Pruett J P, Clement D J, Carnes D L
Department of Endodontics/Dental School, University of Texas Health Science Center, San Antonio 78284-7898, USA.
J Endod. 1997 Feb;23(2):77-85. doi: 10.1016/S0099-2399(97)80250-6.
Cyclic fatigue of nickel-titanium, engine-driven instruments was studied by determining the effect of canal curvature and operating speed on the breakage of Lightspeed instruments. A new method of canal curvature evaluation that addressed both angle and abruptness of curvature was introduced. Canal curvature was simulated by constructing six curved stainless-steel guide tubes with angles of curvature of 30, 45, or 60 degrees, and radii of curvature of 2 or 5 mm. Size #30 and #40 Light-speed instruments were placed through the guide tubes and the heads secured in the collet of a Mangtrol Dynamometer. A simulated operating load of 10 g-cm was applied. Instruments were able to rotate freely in the test apparatus at speeds of 750, 1300, or 2000 rpm until separation occurred. Cycles to failure were determined. Cycles to failure were not affected by rpm. Instruments did not separate at the head, but rather at the point of maximum flexure of the shaft, corresponding to the midpoint of curvature within the guide tube. The instruments with larger diameter shafts, #40, failed after significantly fewer cycles than did #30 instruments under identical test conditions. Multivariable analysis of variance indicated that cycles to failure significantly decreased as the radius of curvature decreased from 5 mm to 2 mm and as the angle of curvature increased greater than 30 degrees (p < 0.05, power = 0.9). Scanning electron microscopic evaluation revealed ductile fracture as the fatigue failure mode. These results indicate that, for nickel-titanium, engine-driven rotary instruments, the radius of curvature, angle of curvature, and instrument size are more important than operating speed for predicting separation. This study supports engineering concepts of cyclic fatigue failure and suggests that standardized fatigue tests of nickel-titanium rotary instruments should include dynamic operation in a flexed state. The results also suggest that the effect of the radius of curvature as an independent variable should be considered when evaluating studies of root canal instrumentation.

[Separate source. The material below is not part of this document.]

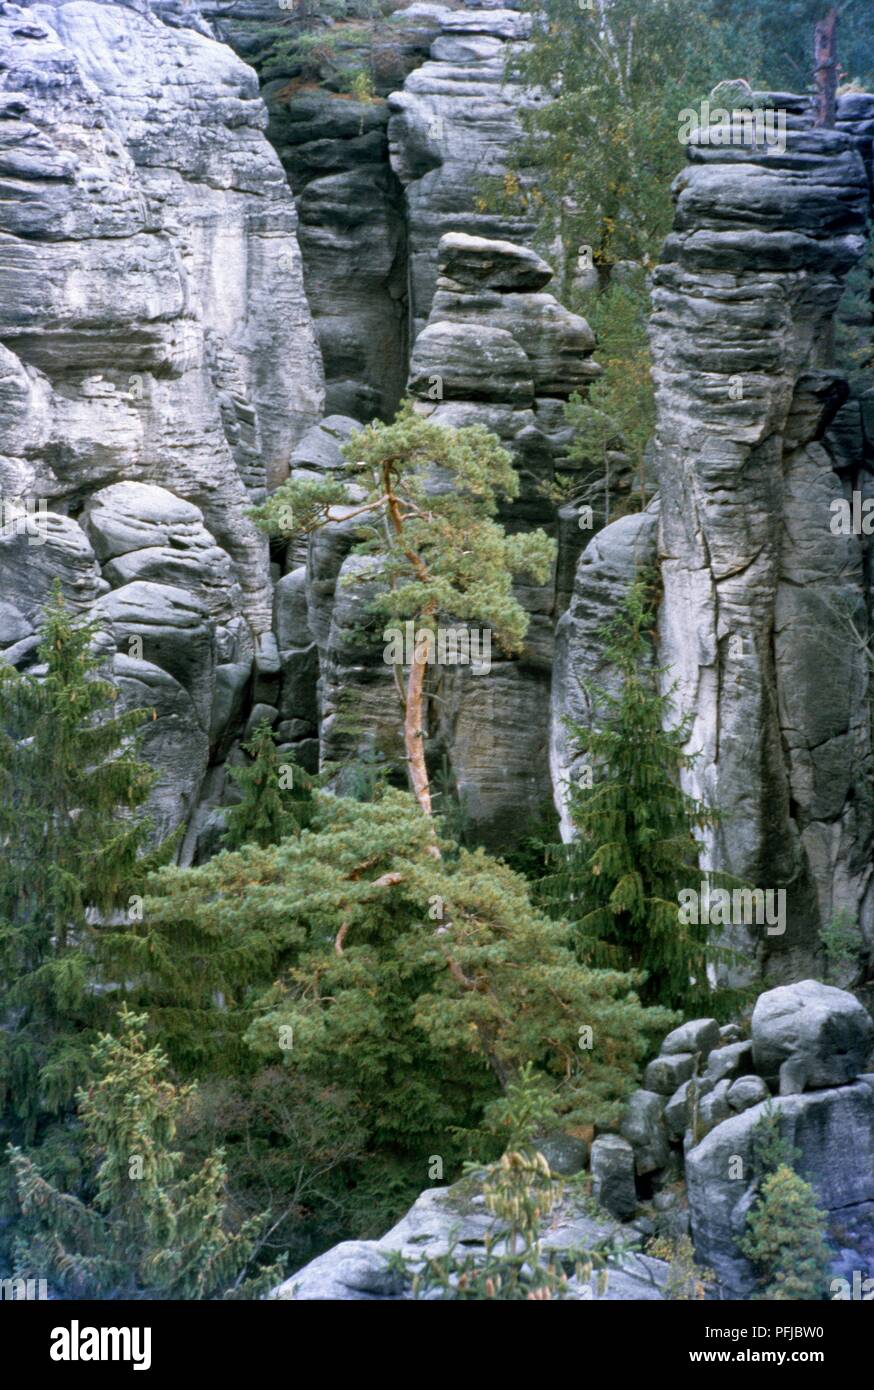 Tschechische Republik, Südböhmen, Cesky Raj, Prachover skaly (Böhmisches Paradies), Bäume und Felsen Stockfoto

通过确定根管弯曲度和操作速度对LightSpeed器械折断的影响,研究了镍钛机动器械的循环疲劳。引入了一种新的根管弯曲度评估方法,该方法兼顾了弯曲角度和弯曲突变情况。通过构建六个弯曲的不锈钢导管来模拟根管弯曲度,其弯曲角度为30度、45度或60度,弯曲半径为2毫米或5毫米。将30号和40号LightSpeed器械穿过导管,并将头部固定在Mangtrol测力计的夹头中。施加10克厘米的模拟操作负荷。器械能够在测试装置中以750、1300或2000转/分钟的速度自由旋转,直至发生分离。确定至折断的循环次数。至折断的循环次数不受转速影响。器械并非在头部分离,而是在轴的最大弯曲点分离,该点对应于导管内的弯曲中点。在相同测试条件下,直径较大的40号器械在明显较少的循环次数后折断,而30号器械则不然。多变量方差分析表明,随着弯曲半径从5毫米减小到2毫米以及弯曲角度增加超过30度,至折断的循环次数显著减少(p<0.05,检验效能=0.9)。扫描电子显微镜评估显示延性断裂为疲劳失效模式。这些结果表明,对于镍钛机动旋转器械,在预测分离方面,弯曲半径、弯曲角度和器械尺寸比操作速度更为重要。本研究支持循环疲劳失效的工程概念,并表明镍钛旋转器械的标准化疲劳测试应包括在弯曲状态下的动态操作。结果还表明,在评估根管治疗器械的研究时,应考虑弯曲半径作为自变量的影响。